GSV2SVF is designed to interactively calculate sky/tree/building view factors from Google Street View GSV) panoramas in Google Maps. In GSV2SVF, a GSV panorama is first classified at the pixel level into multiple classes including sky, tree and building, and then transformed into a hemispherical (fisheye) image. The sky, tree and building view factor respectively represents the areal proportion (in the range of [0,1]) of a fisheye image that is occupied by sky, tree and building pixels. A video is available at https://github.com/jian9695/GSV2SVF/blob/master/Video.mp4 and https://youtu.be/k00wCnuzuvE

2. Software infrastructure and system requirements

The Caffe-SegNet deep convolutional framework is used to classify street images (https://github.com/alexgkendall/caffe-segnet). Python and JavaScript were used to develop the interactive functionality that integrates Caffe-SegNet with Google Maps. The program currently runs only on Windows due to the restriction that the Caffe-SegNet module was compiled on Windows, although it could also be complied on Linux. A NVIDIA graphics card that supports CUDA 7.5 or newer versions is required. It has been tested only on Windows 10. Further efforts are needed to rebuild GSV2SVF for running on Linux.
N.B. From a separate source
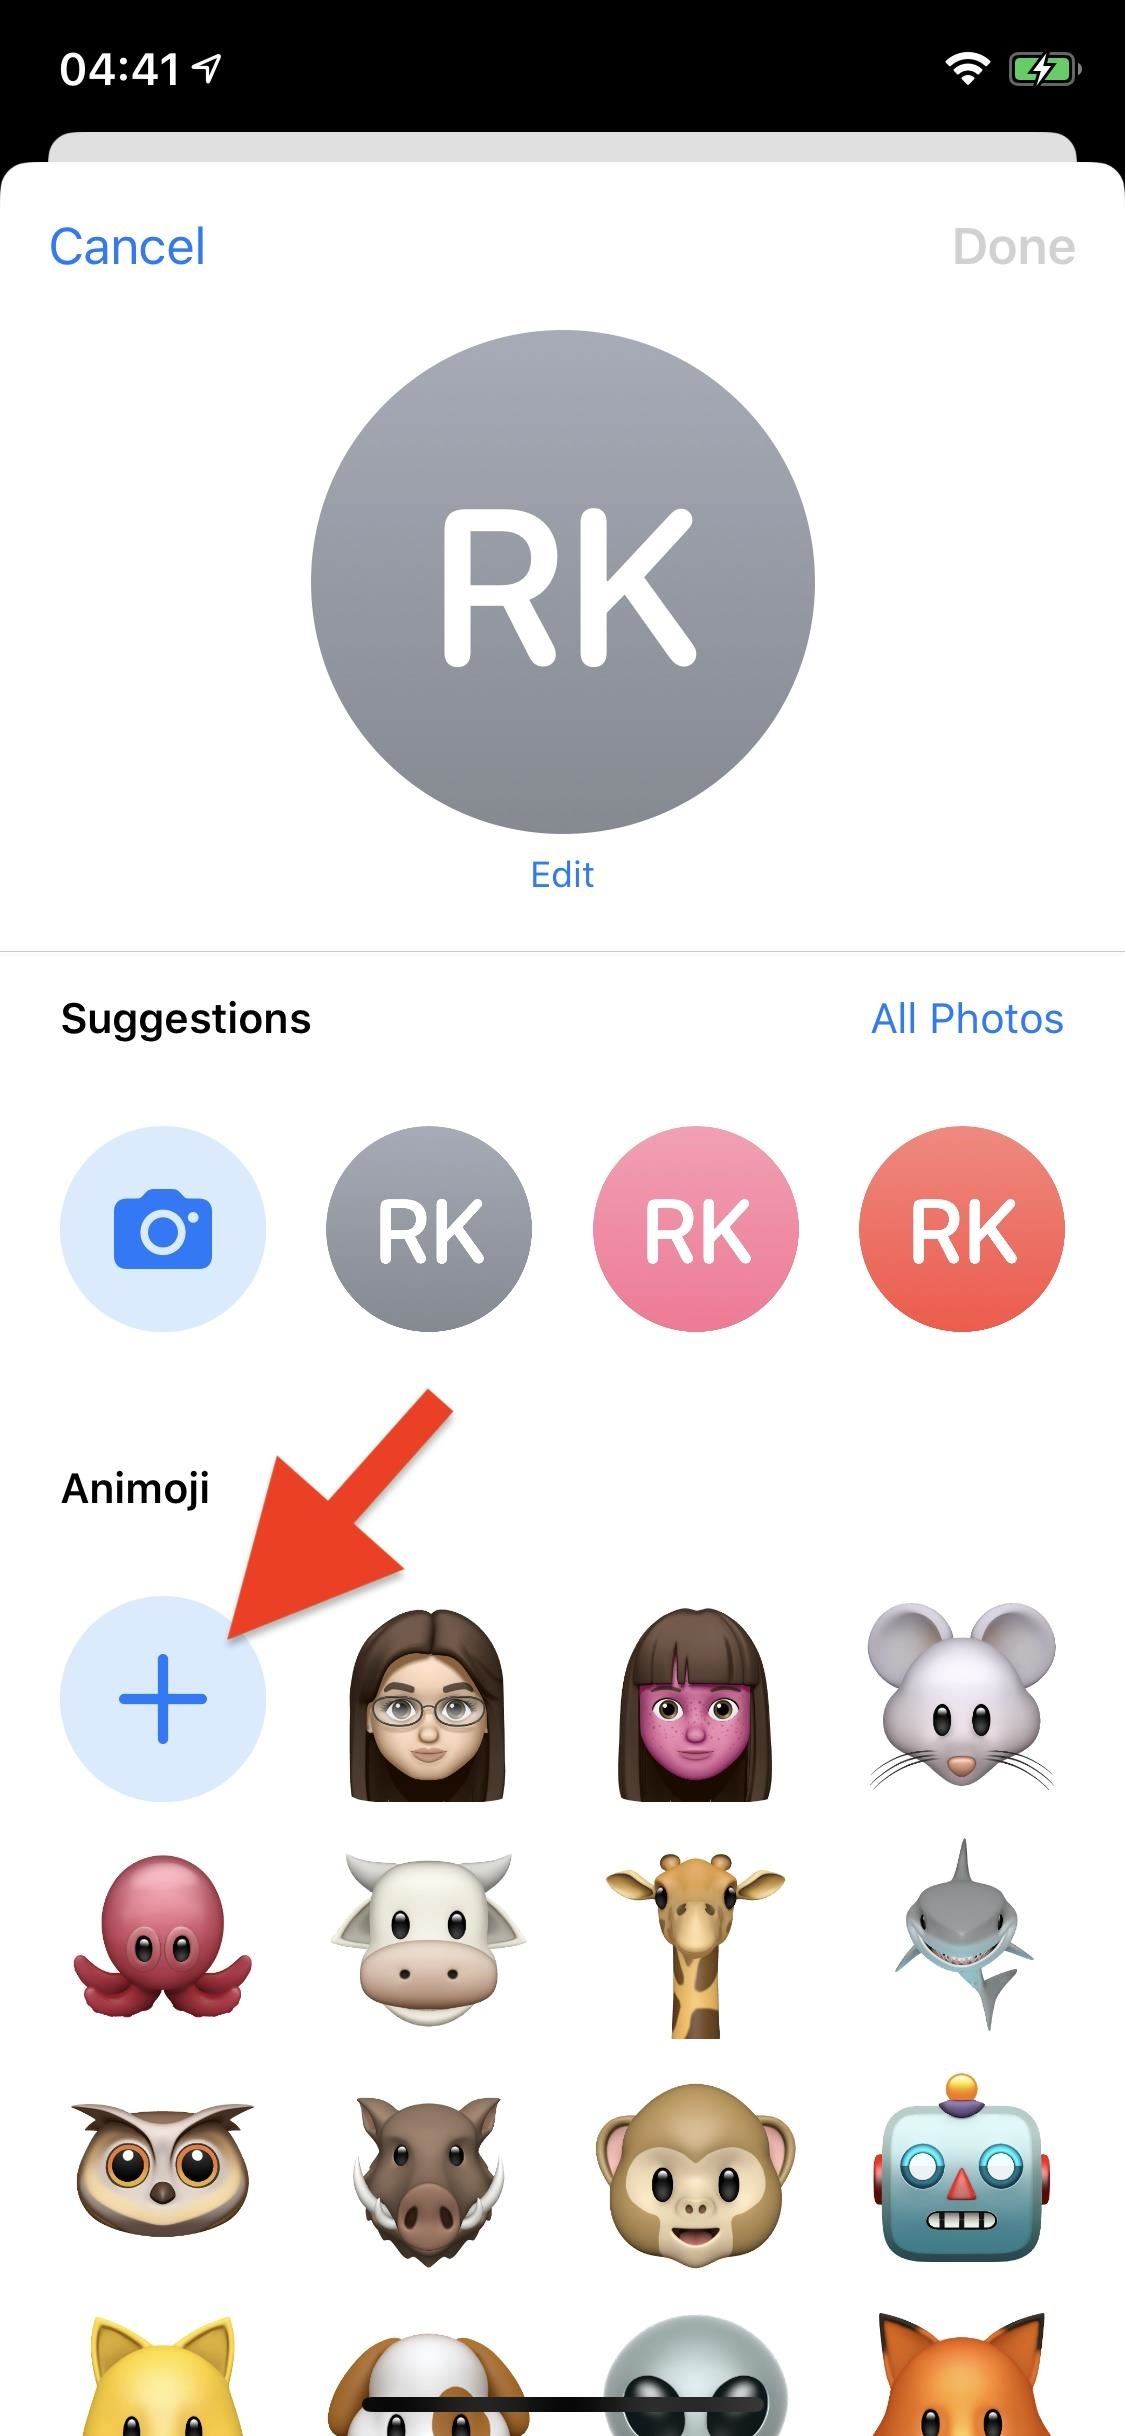 Animoji: How to Create a Personal Memoji on Any iPhone Running iOS 13

3. Google Maps API license

A Google Maps API is needed to explore Google Maps and perform GSV queries. The user may apply for a Google Maps API Key at https://developers.google.com/maps/documentation/javascript/get-api-key.

To make sure your Google API is working, you can verify by testing https://maps.googleapis.com/maps/api/streetview/metadata?location=40.7254686,-73.9966184&key=API_KEY Remember to replace "API_KEY" with your actual Google API Key. If it works, you should be able to see response in the following structure:

{
   "copyright" : "© Google",
   "date" : "2019-06",
   "location" : {
      "lat" : 40.7254686,
      "lng" : -73.9966184
   },
   "pano_id" : "zI-rBAALNiHzRTwczq7XDg",
   "status" : "OK"
}

4. Configuration

Open the configuration table Config.csv in the root. The table consists of two columns: the variable names (APIKey, Lat, Lon, CUDA) are laid out in the first column with their respective values stored in the second column. Enter your Google Maps API Key and optionally the startup map location in the second column.

5. Run GSV2SVF (Run.bat)

5.1. Add sample points

The user can add GSV sample points for view factor calculation in three different ways: (1) from the text box; (2) from mouse click; (3) from a shapefile (.shp).

  • (1) Add a single GSV sample point from the coordinate text box. You can either manually type in coordinates in the format of “lat,lon” or by clicking on the map to update the coordinates in the text box, and then click to add the point.
  • (2) Add GSV sample points by interactively double-clicking on the map. First toggle on to enter the interactive sampling mode. To densify the points between two mouse double-click positions, you may toggle on and enter the desired sampling distance (in units of meters).
  • (3) Add GSV sample points from a shapefile. Click to browse for shapefiles and add GSV sample points from the selected shapefile.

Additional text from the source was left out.